Он не выдержал. Подошел к Светлане, взял за подбородок, так, чтобы видеть прямо ее глаза.

– Запомни, дорогая сестренка. Все, что мы с тобой имеем. Вернее, имею я, а ты пользуешься, далось мне в качестве платы. За что-нибудь. За труды, за время, за нервы, за риск, за оказанную вовремя услугу или, наоборот, не оказанную. За все полагается плата.

Света нервно сглотнула, но ничего не ответила.

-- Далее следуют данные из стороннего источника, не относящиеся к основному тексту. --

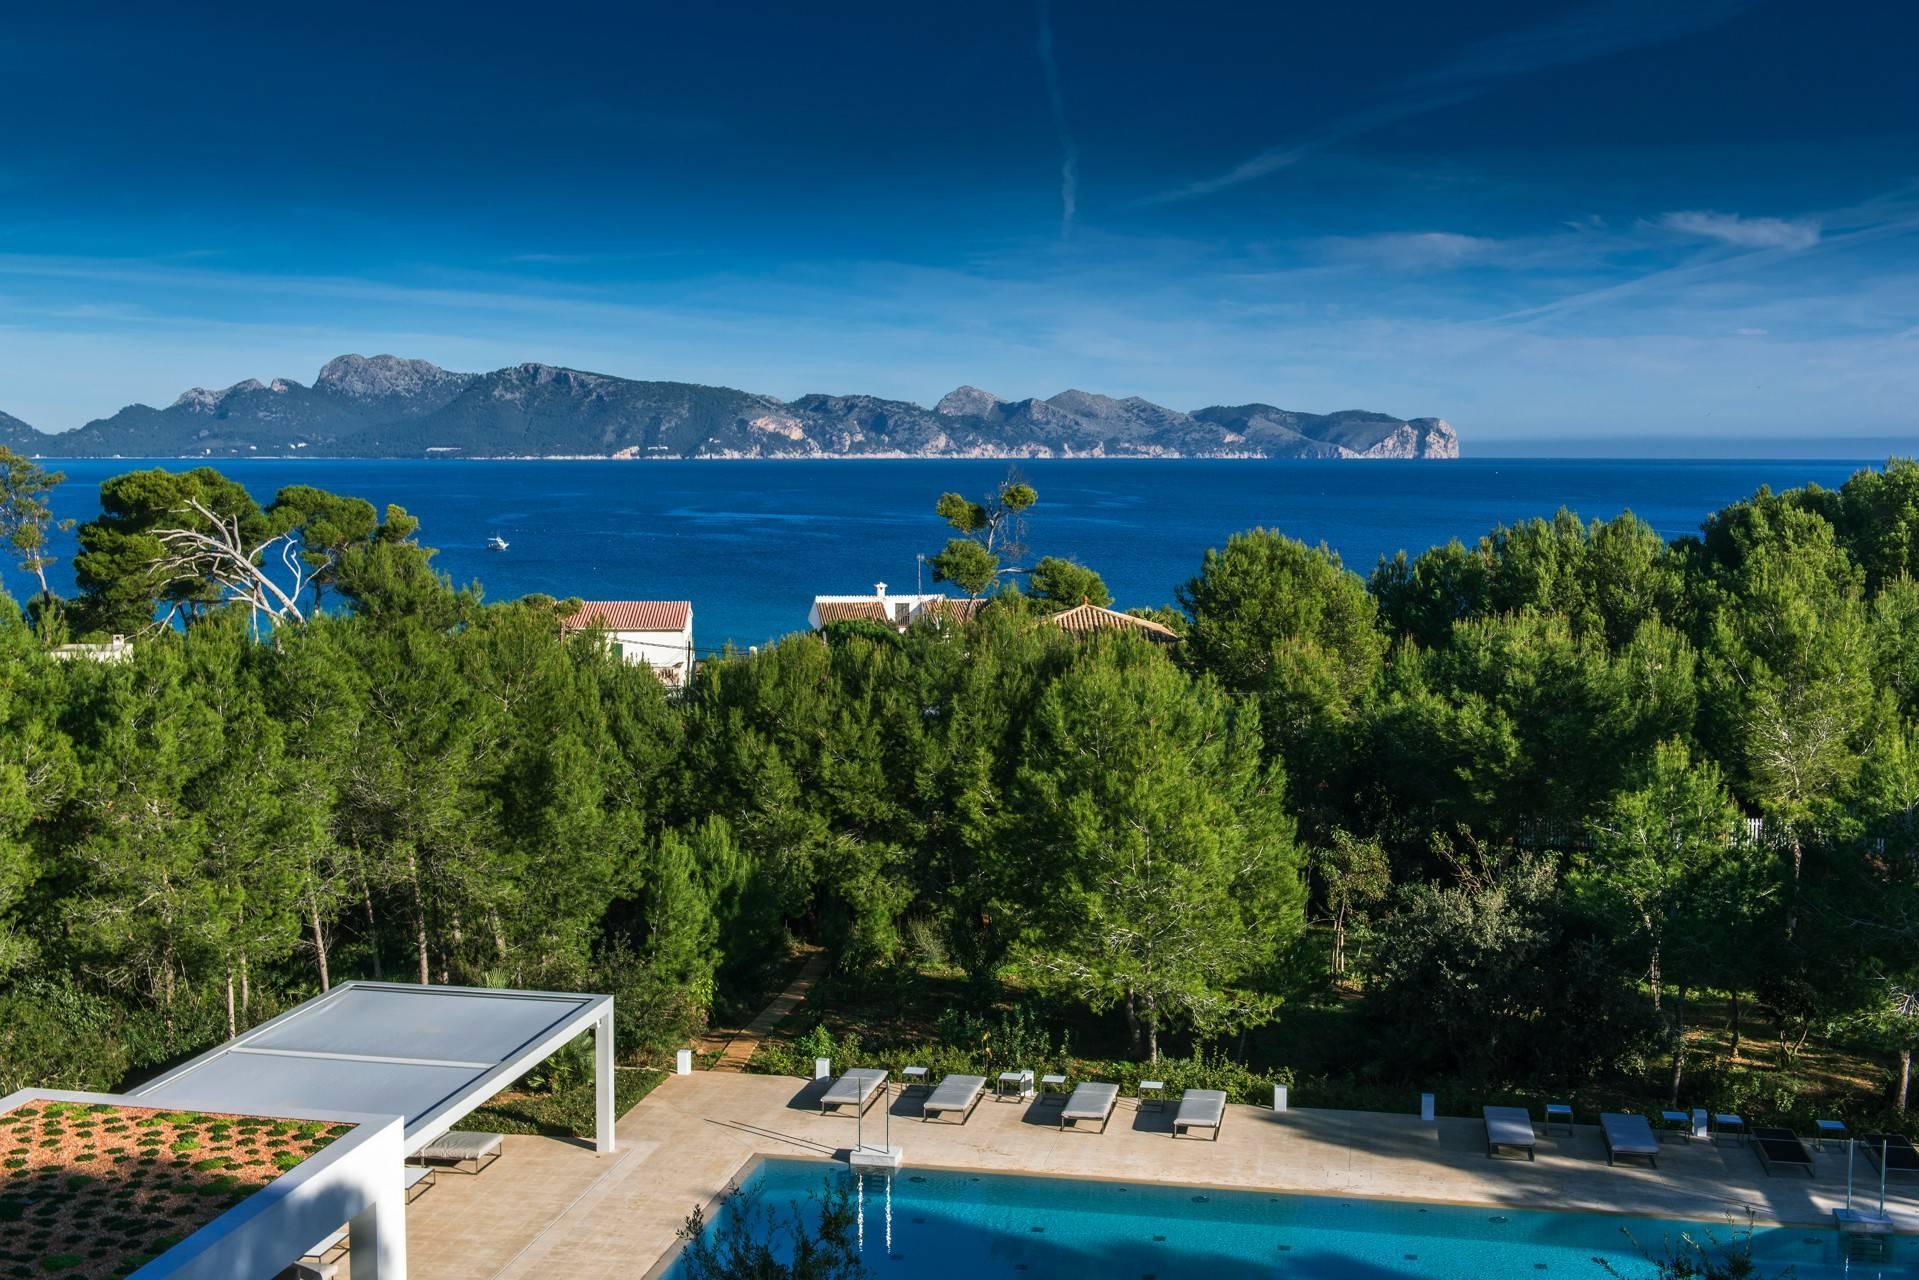 01-250 Extravagant Villa Mallorca North Bild 2

– А если бы я, по твоему выражению, не был монстром, то давно уже шел бы по миру. А ты – и того раньше. Несложная арифметика, как считаешь?

Она лишь кивнула в ответ. Не с чем было спорить.

– А по поводу девчонки: завтра вези ее в торговый центр снова и купи по два комплекта всех видов одежды и обуви. Дорогое брать не нужно – не оценит, так и ни к чему. Не перед кем пока красоваться. Будет спорить – скажи, что я приказал. Мне оборванки в заношенных шмотках здесь не требуются.

– Да, это будет серьезным аргументом… Пойдет примерять, как миленькая… – Света на глазах сдувалась, будто вместе с возмущением выплеснула все силы.

– Действительно? – Скептически поднял бровь, Игорь долго ждал ответа.

– Конечно. Для Жени одно твое имя – закон. Только вот, правда, я все время об этом забываю. Нужно было сразу так сказать…

– Ну, значит, запомни и пользуйся. Только, пожалуйста, с умом. Не хотелось бы потом разгребать последствия "моих", – выделил иронично голосом, – приказов и обещаний.

– Само собой.

– И, кстати, совсем-то из нее гламурную фифу не нужно делать. Раздражают меня такие, очень. Одень, причеши, научи за собой ухаживать, и этого достаточно.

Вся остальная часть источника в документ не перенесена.